#### [INFORMATION SUPPLIED]
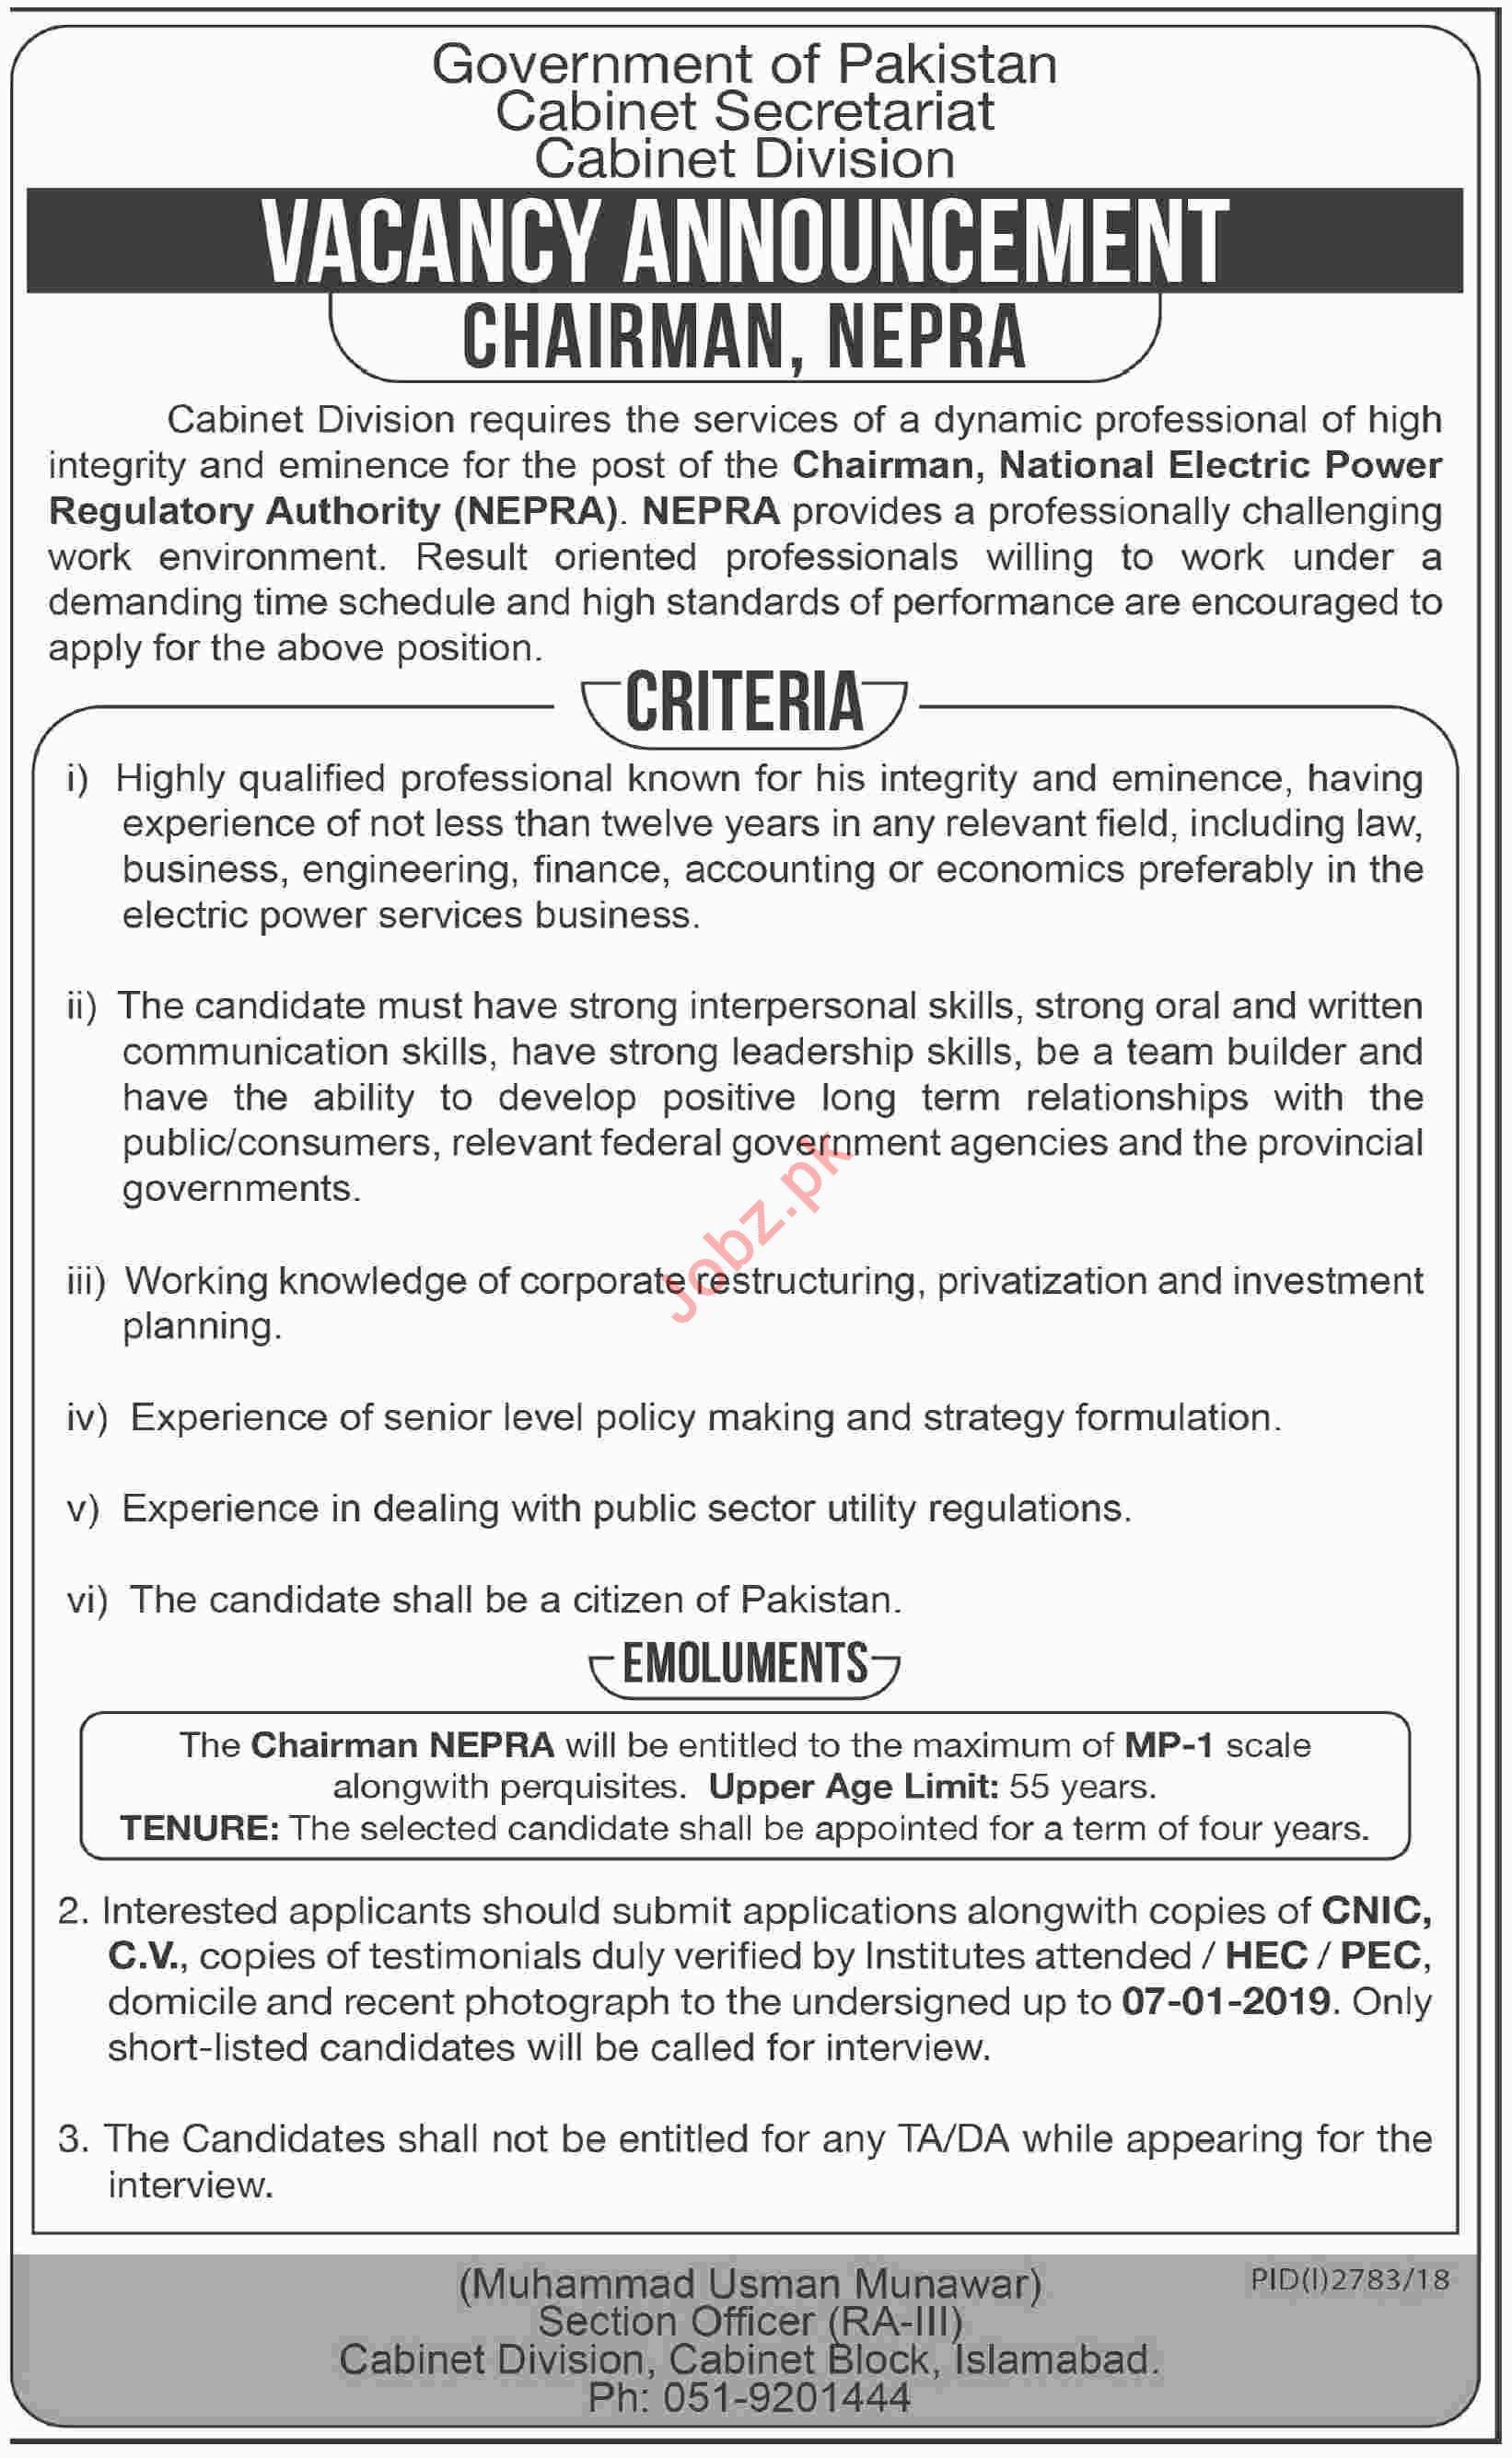 Chairman Job Opportunities at NEPRA
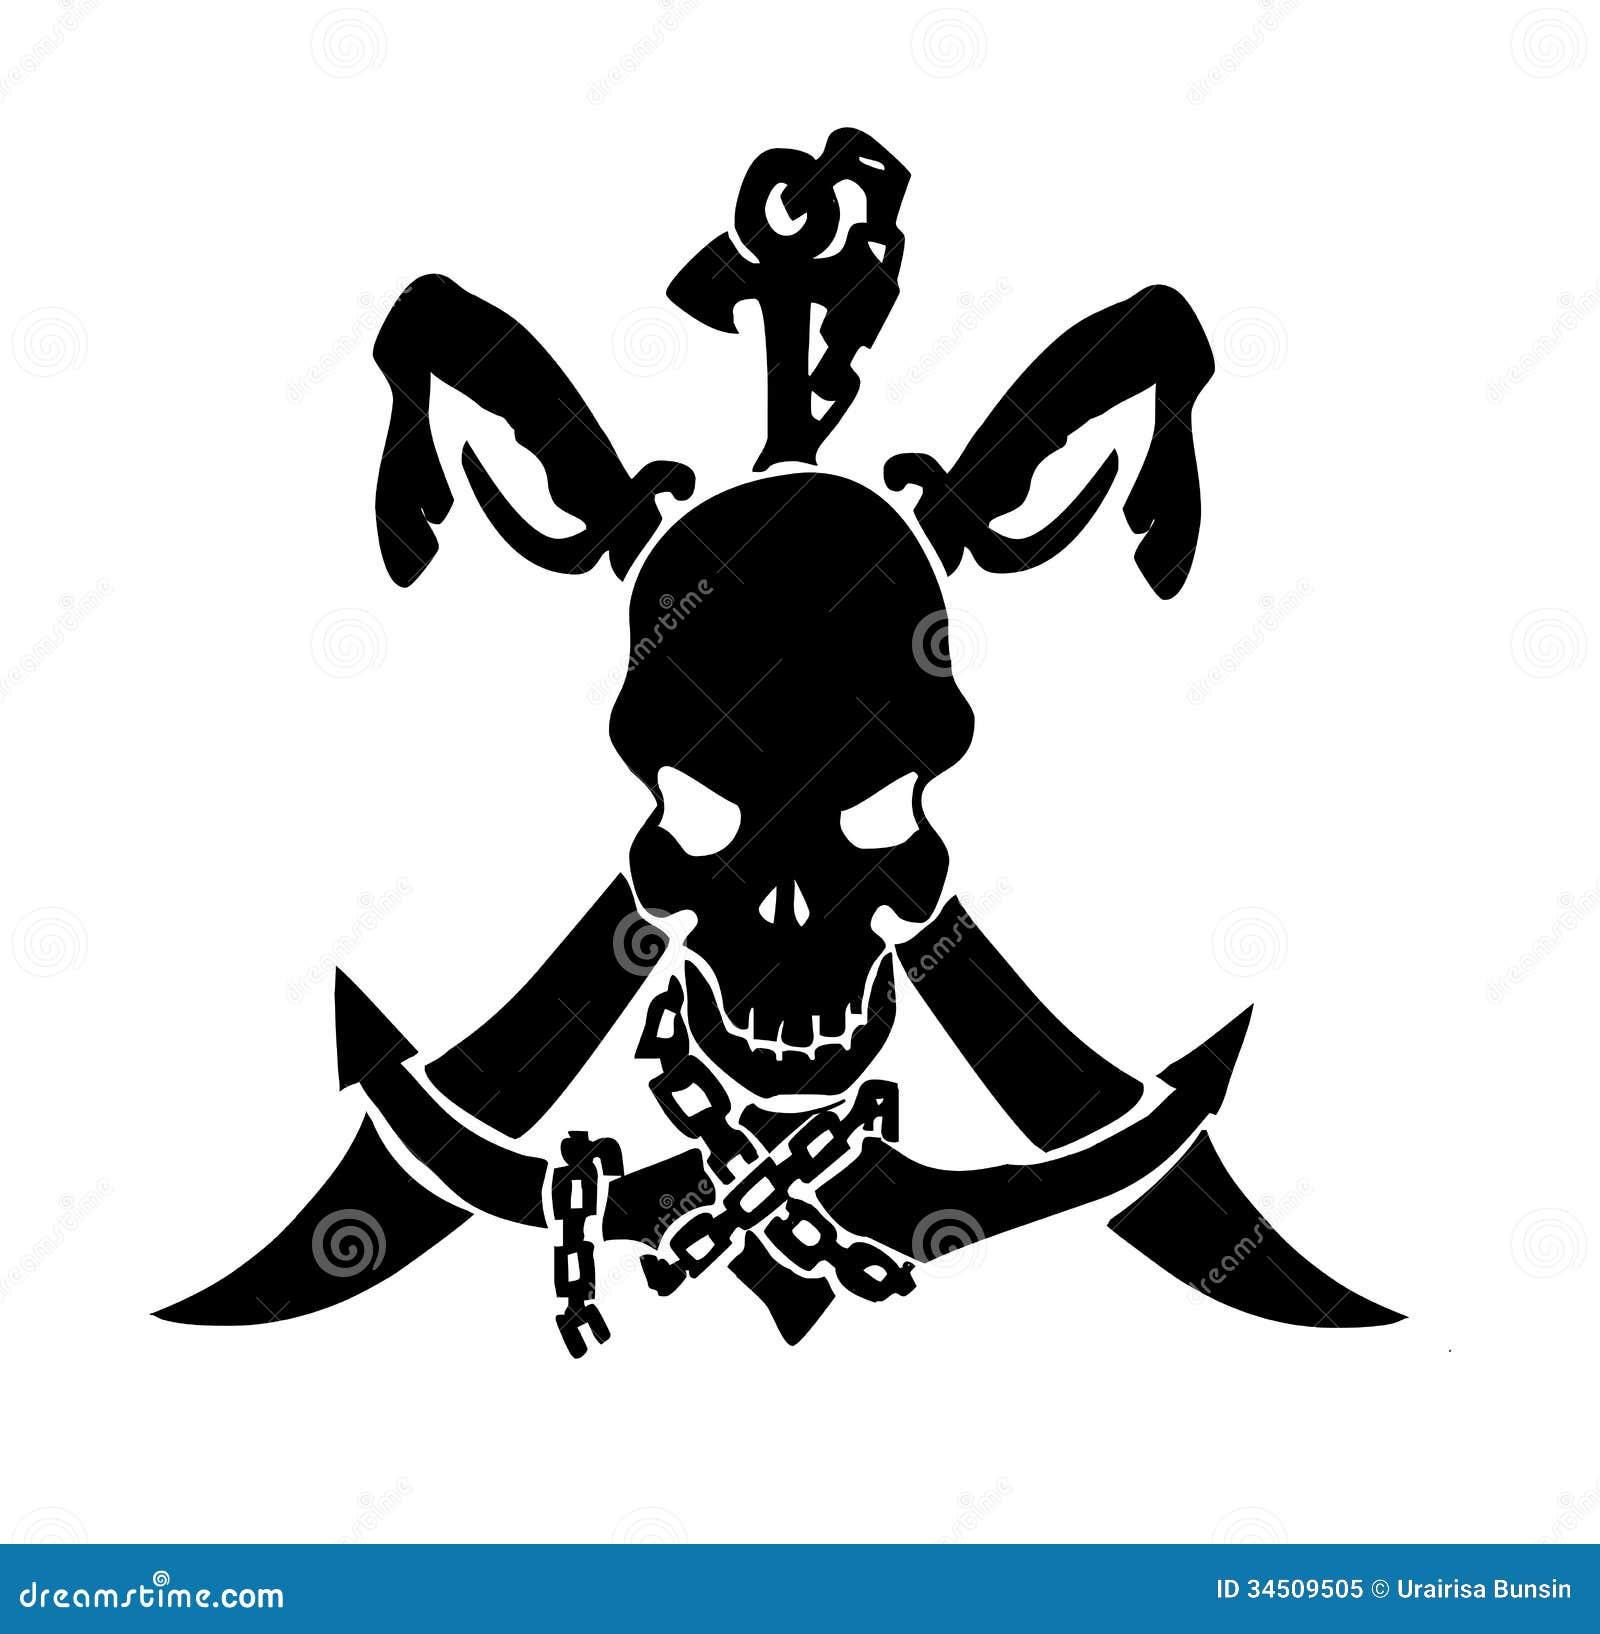 pirate skull tattoo royalty free stock photo image 34509505
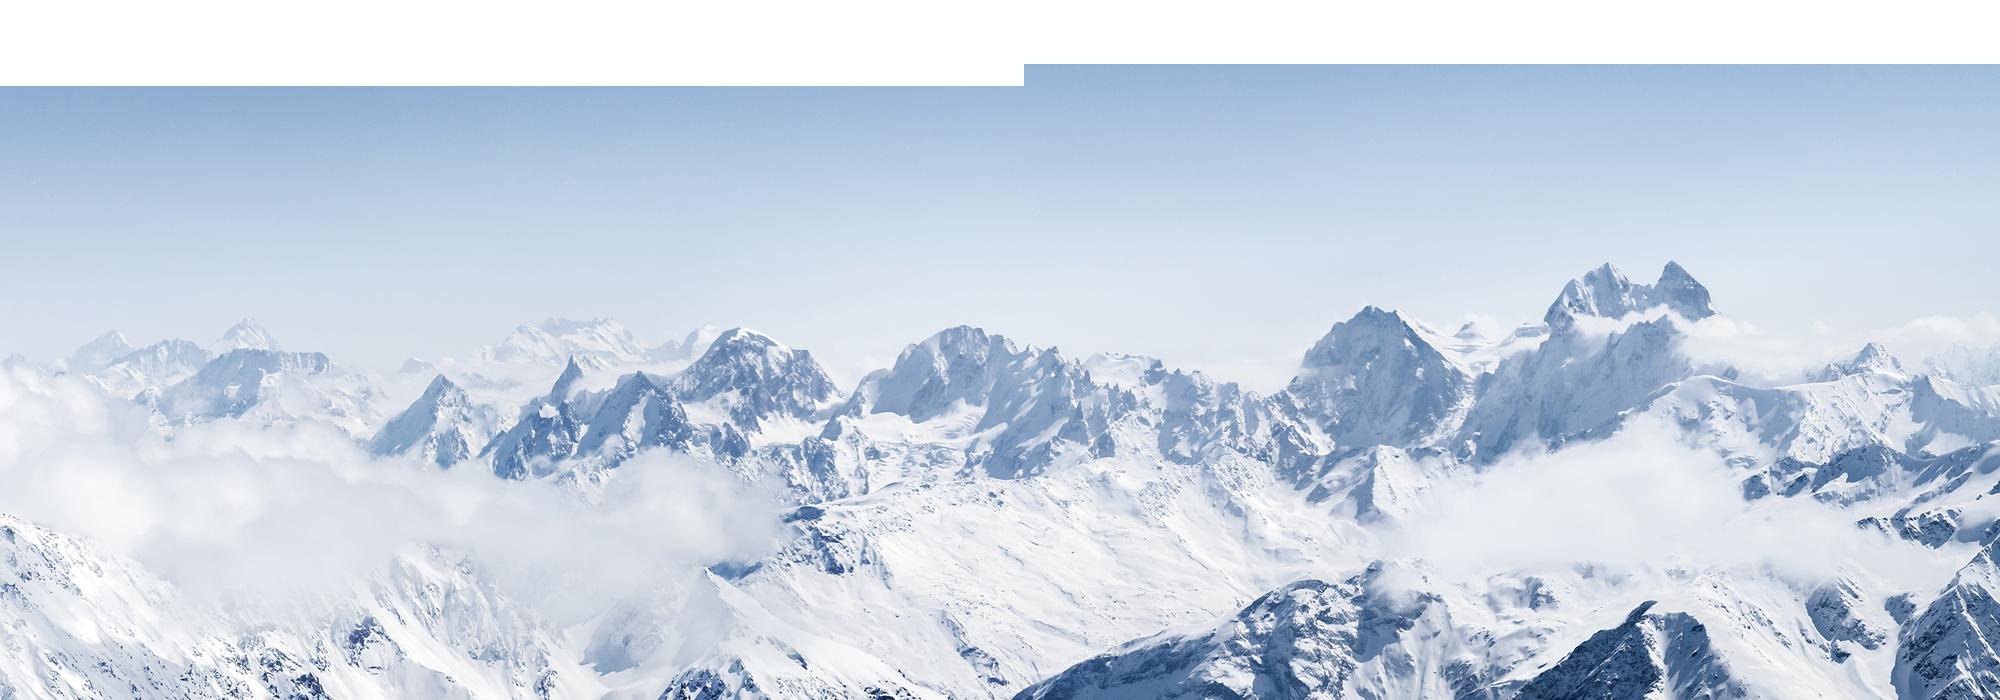 inchirieri ski Poiana Brasov

#### [WORK TASK]
All of the data above is to be repeated exactly, with the pictures left out.

#### [RESULT FOR THIS EXERCISE]
 Chairman Job Opportunities at NEPRA
 pirate skull tattoo royalty free stock photo image 34509505
 inchirieri ski Poiana Brasov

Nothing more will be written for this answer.